◆ What to work on ◆
Each line of the listing must be transcribed exactly, except for the images, which should be excluded.

◆ Collected material ◆

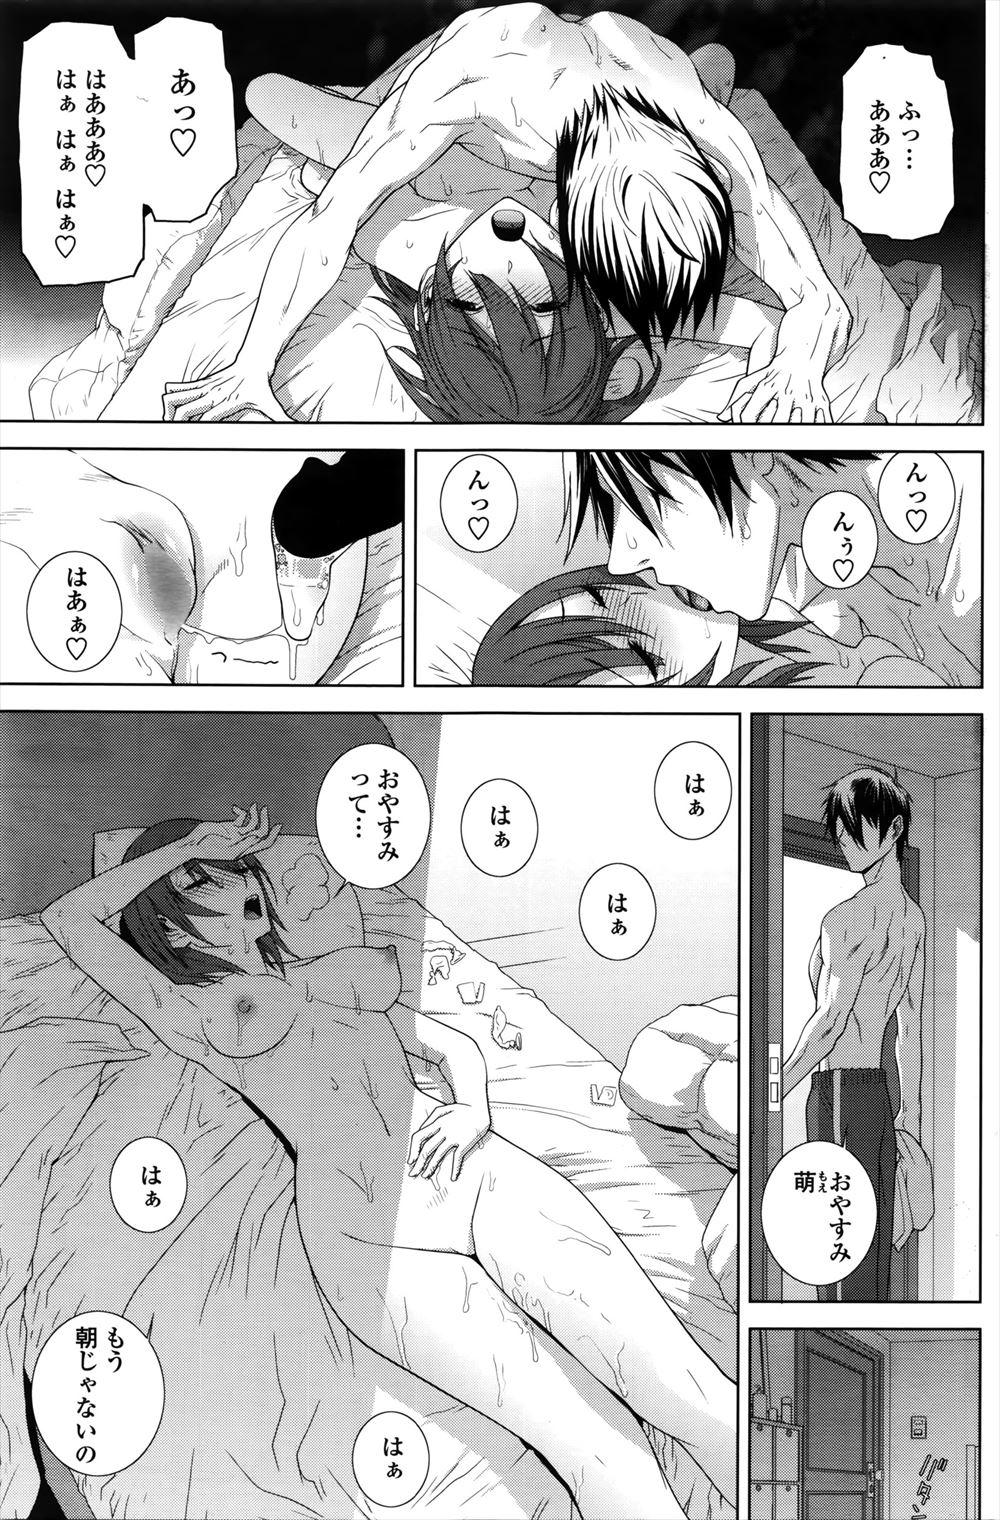 【エロ漫画・エロ同人誌】イケメンお兄ちゃんが巨乳妹と付き合いだして兄妹なのに毎晩朝までエッチしてるw妹が疲れてるから断ろうと思ってもマンコ濡れちゃってるからまた朝まで近親相姦セックスwww
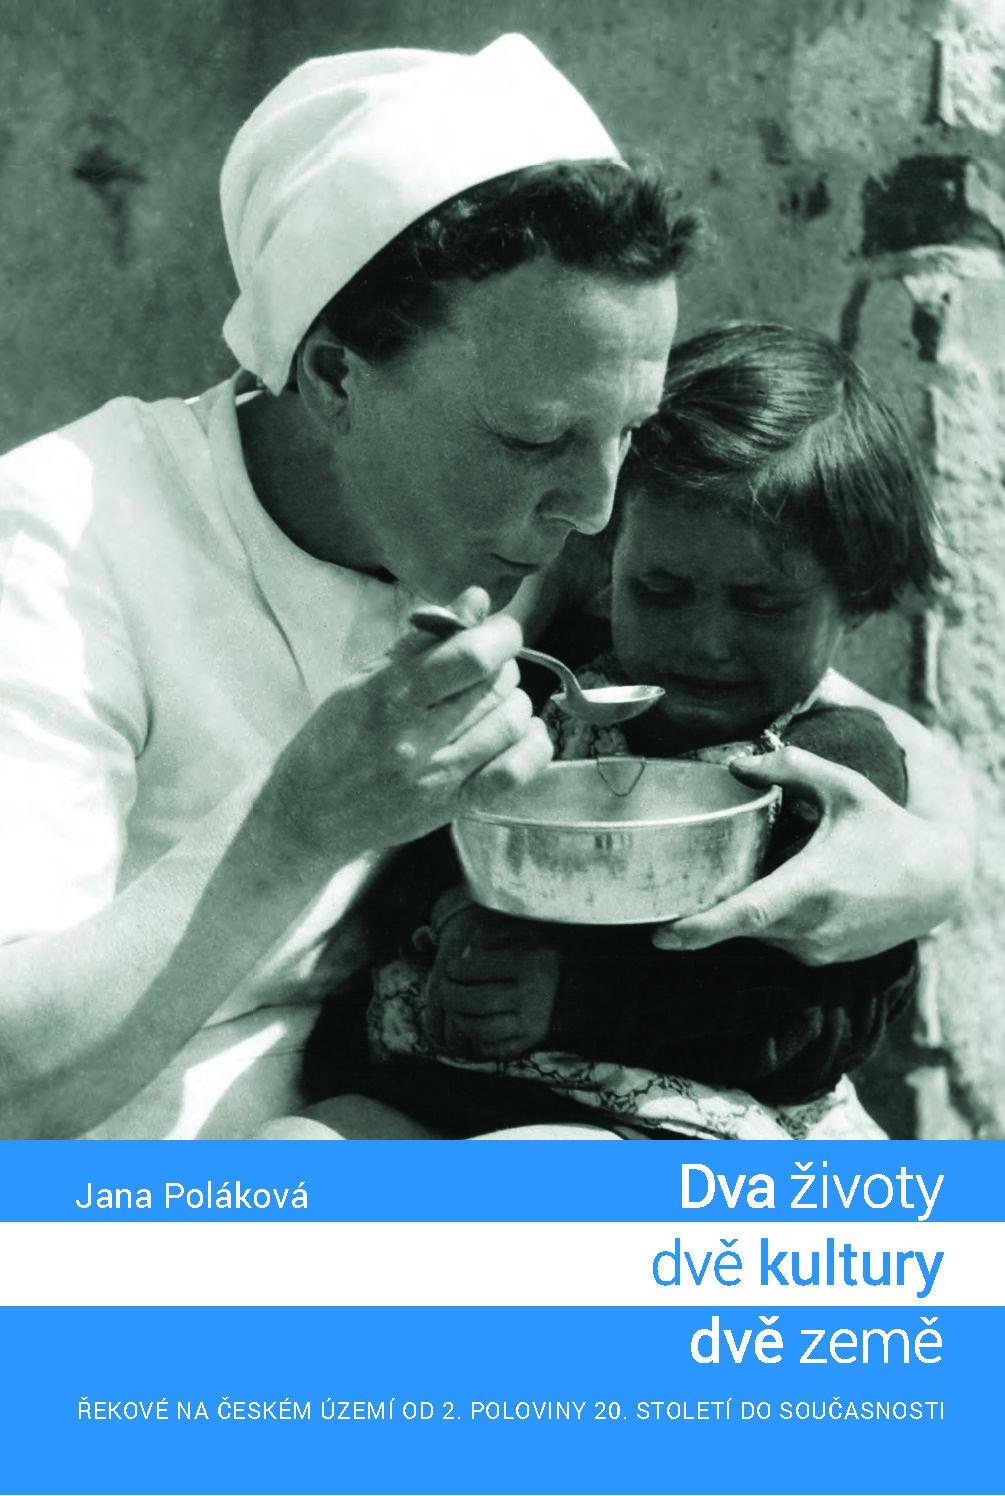 Obálka pro Dva životy, dvě kultury, dvě země. Řekové na českém území od 2. poloviny 20. století do současnosti
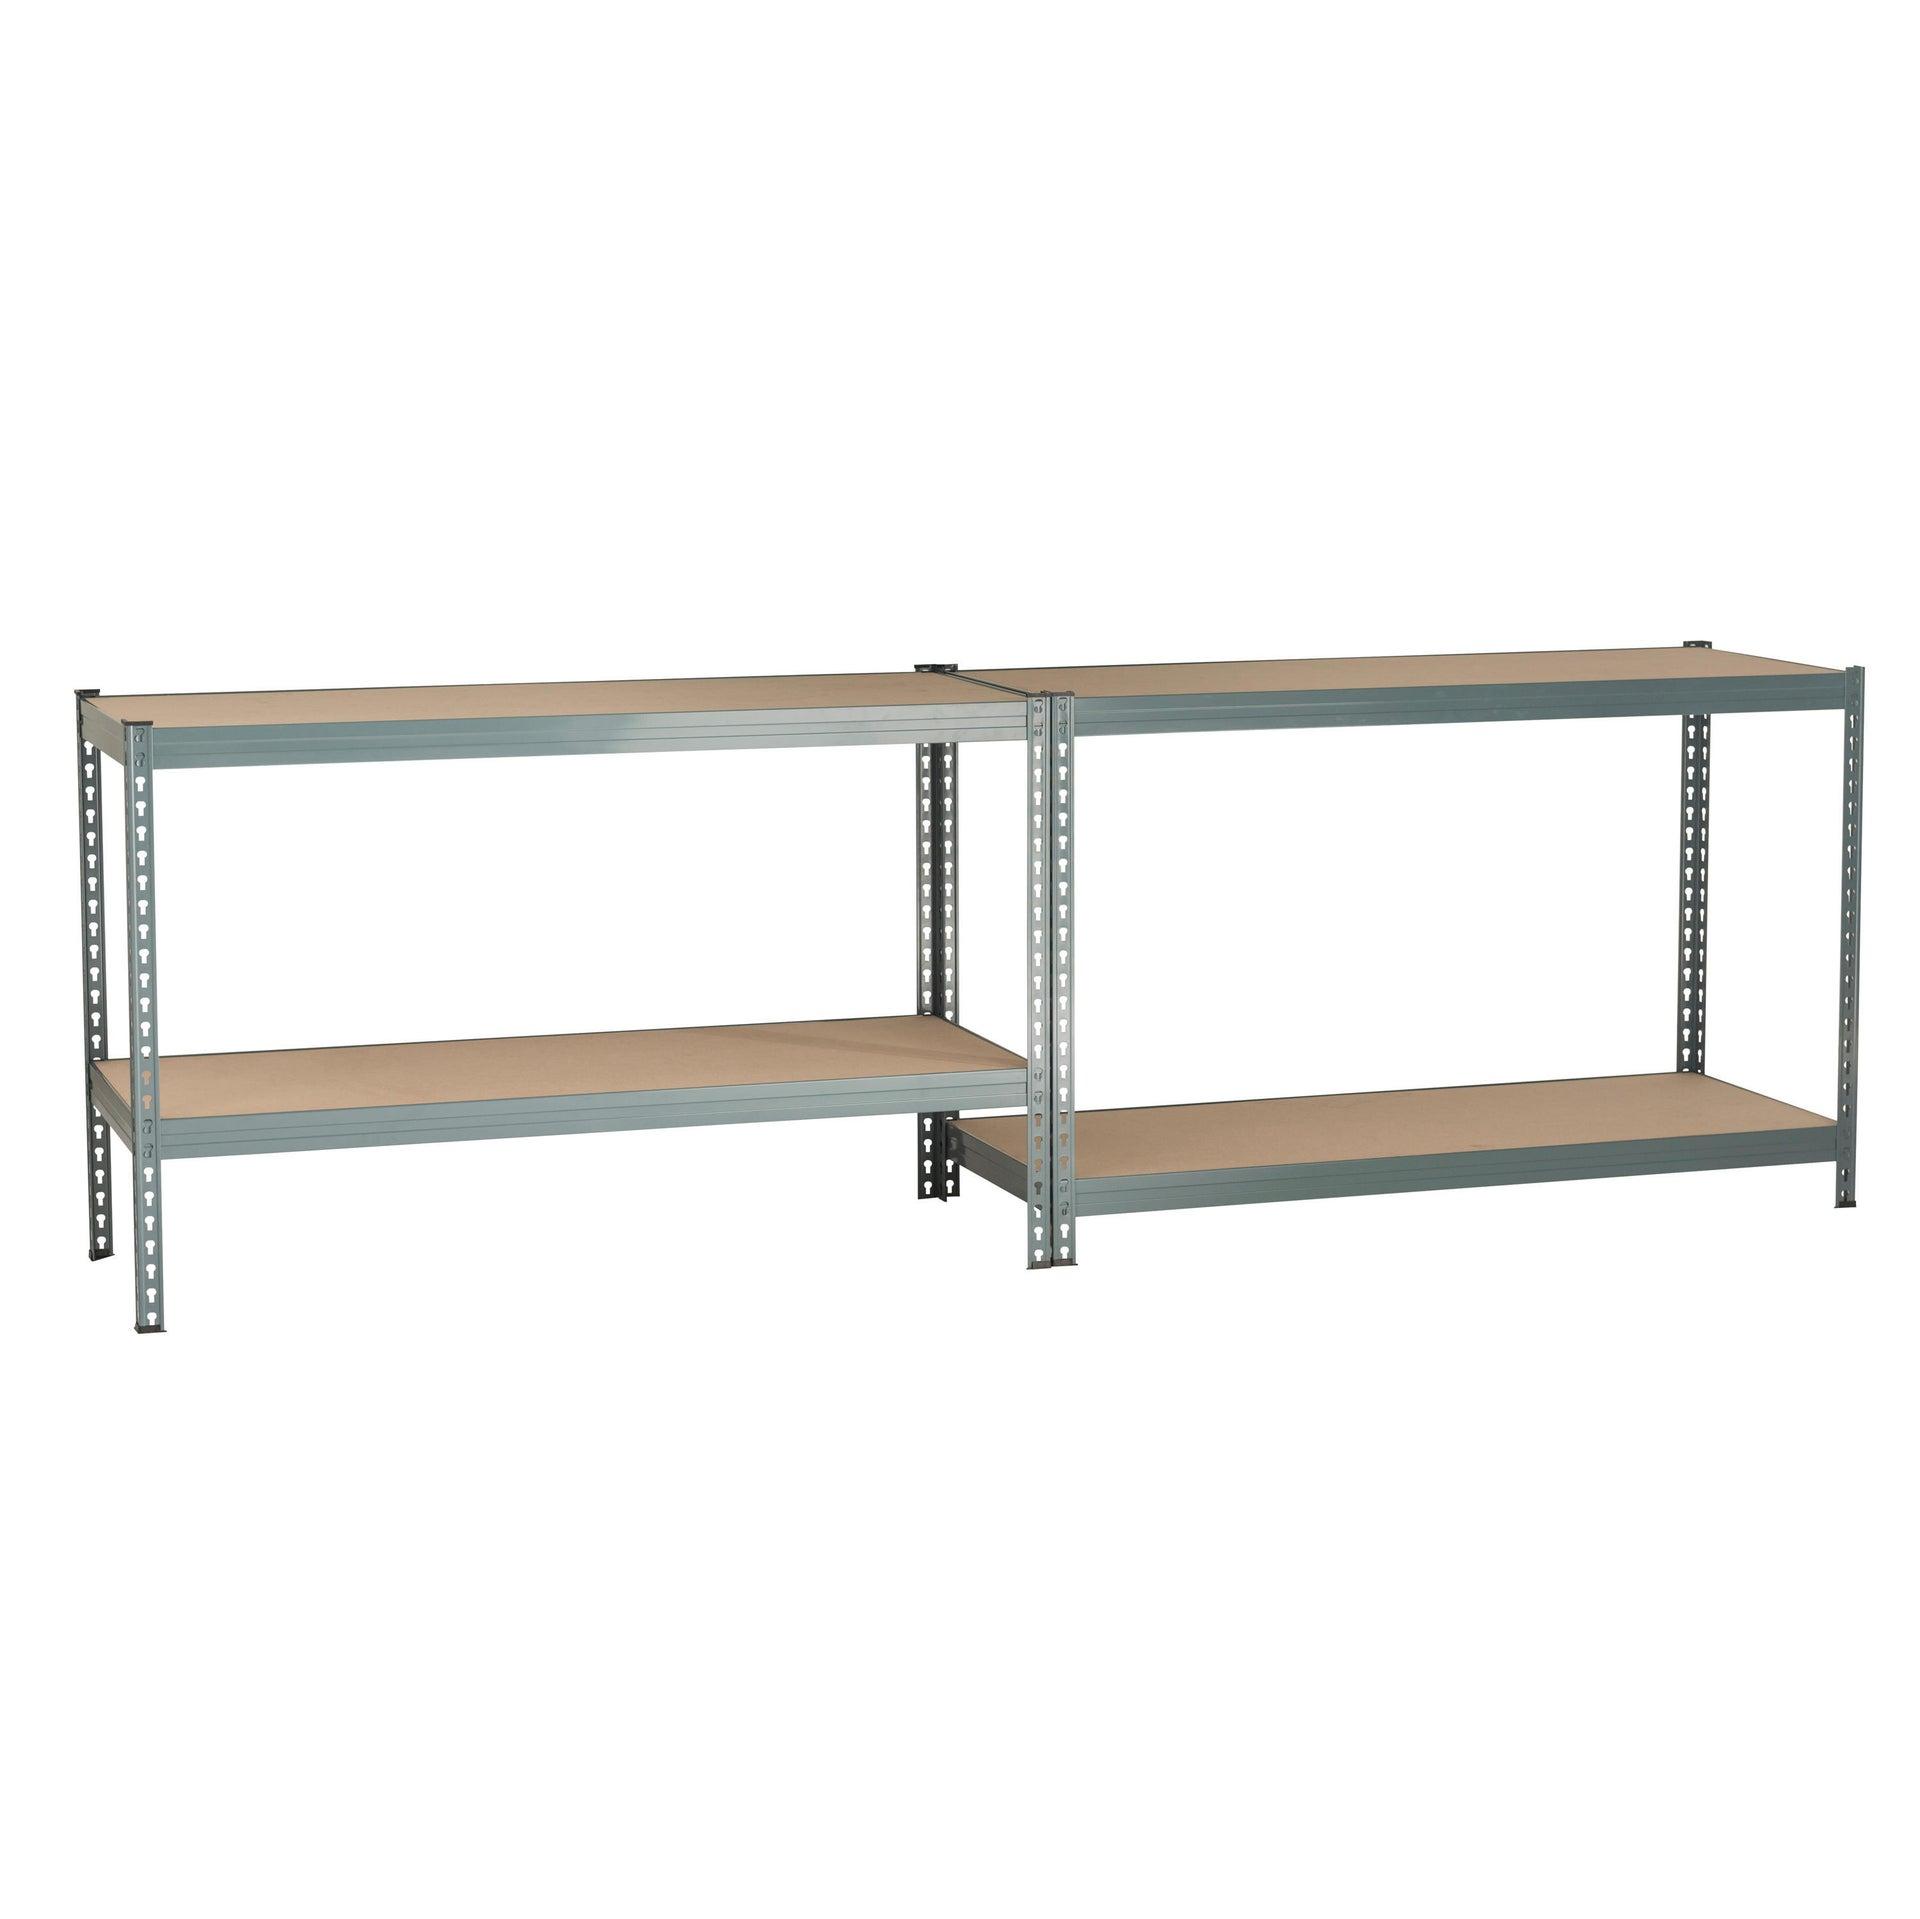 Scaffale in metallo in kit Spaceo L 150 x P 60 x H 190 cm grigio antracite - 9

◆ Output ◆
 【エロ漫画・エロ同人誌】イケメンお兄ちゃんが巨乳妹と付き合いだして兄妹なのに毎晩朝までエッチしてるw妹が疲れてるから断ろうと思ってもマンコ濡れちゃってるからまた朝まで近親相姦セックスwww
 Obálka pro Dva životy, dvě kultury, dvě země. Řekové na českém území od 2. poloviny 20. století do současnosti
 Scaffale in metallo in kit Spaceo L 150 x P 60 x H 190 cm grigio antracite - 9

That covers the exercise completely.